Here there was the opportunity for recreation and social events including a bowling green and tennis courts. The complex was sold in October 1947 and became “Taylor’s” where, in addition to table tennis and snooker inside the pavilion, tennis and putting were available on grassed areas outside and conveniences were added internally in 1948.
The Royal Avenue Social Club then built new premises called Pennington Hall in the corner of Onchan Park which provided facilities for snooker, dancing, whist drives etc. It later became a television repair works and currently serves as a depôt for the commissioners’ parks department.
Here is another area developed by Alex Gill but what the reader might not know is that he had already built the houses in Palace Terrace on Douglas Promenade and was at the same time building up the “drives” leading off Central Promenade.
He was Onchan born and trained as a mason with his father. He borrowed the money to build the houses but when they were erected he let them rather than selling them, using the rent to cover the loan charges. At the time of his death in 1919 he owned 164 properties.
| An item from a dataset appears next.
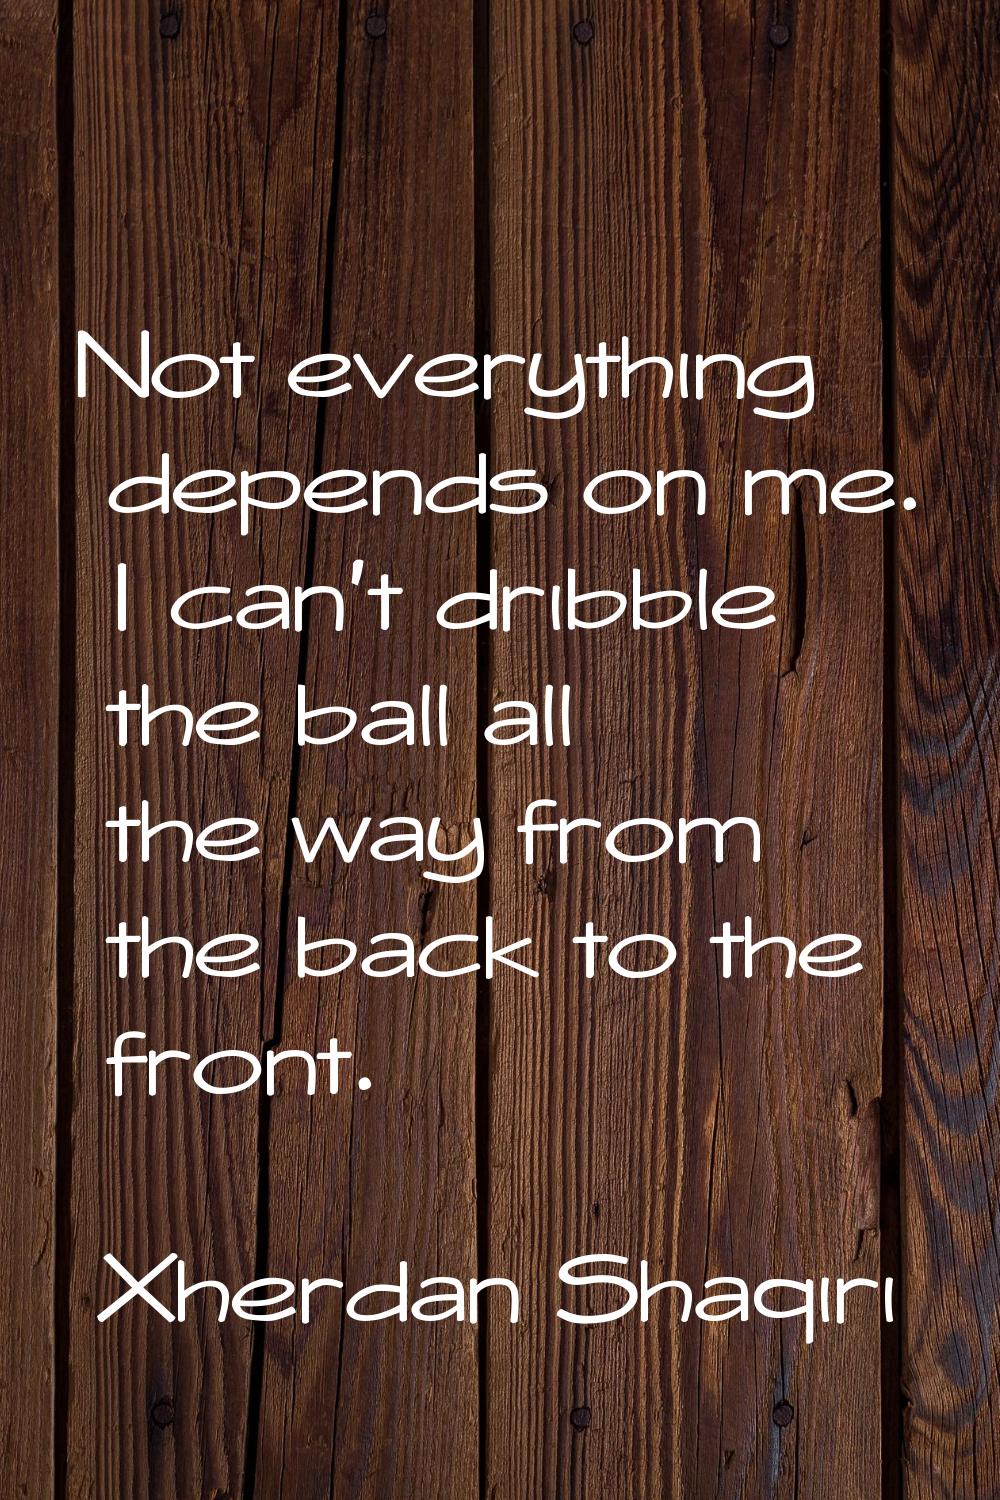 Not everything depends on me. I can't dribble the ball all the way from the back to the front.

Royal Avenue West houses appear to have been started in 1904 after Gill purchased the site in September that year for £2060 they were built in groups on a serpentine route overlooking the natural ravine below. The first nine houses were occupied in 1905 and the last group of six at the top end in 1912. The houses were identical in their appearance but lost is the pointed slender glass canopy that each one had over the door. The largest of these purpose built boarding houses was the first, for many years known as “Stead’s” after the proprietor. It appeared to be three houses in width but because of the angle of the properties was really two and a half widths tapering backwards. |
The houses of Royal Avenue West with the roughness of The Lhergy (Port Jack Glen) showing in the foreground. |
In 2002 this property was demolished and a new block of apartments built on the site being complete in 2003. Although only slightly taller than the existing properties the lower level garage looks like a dungeon with bars on the openings projecting above the boundary wall.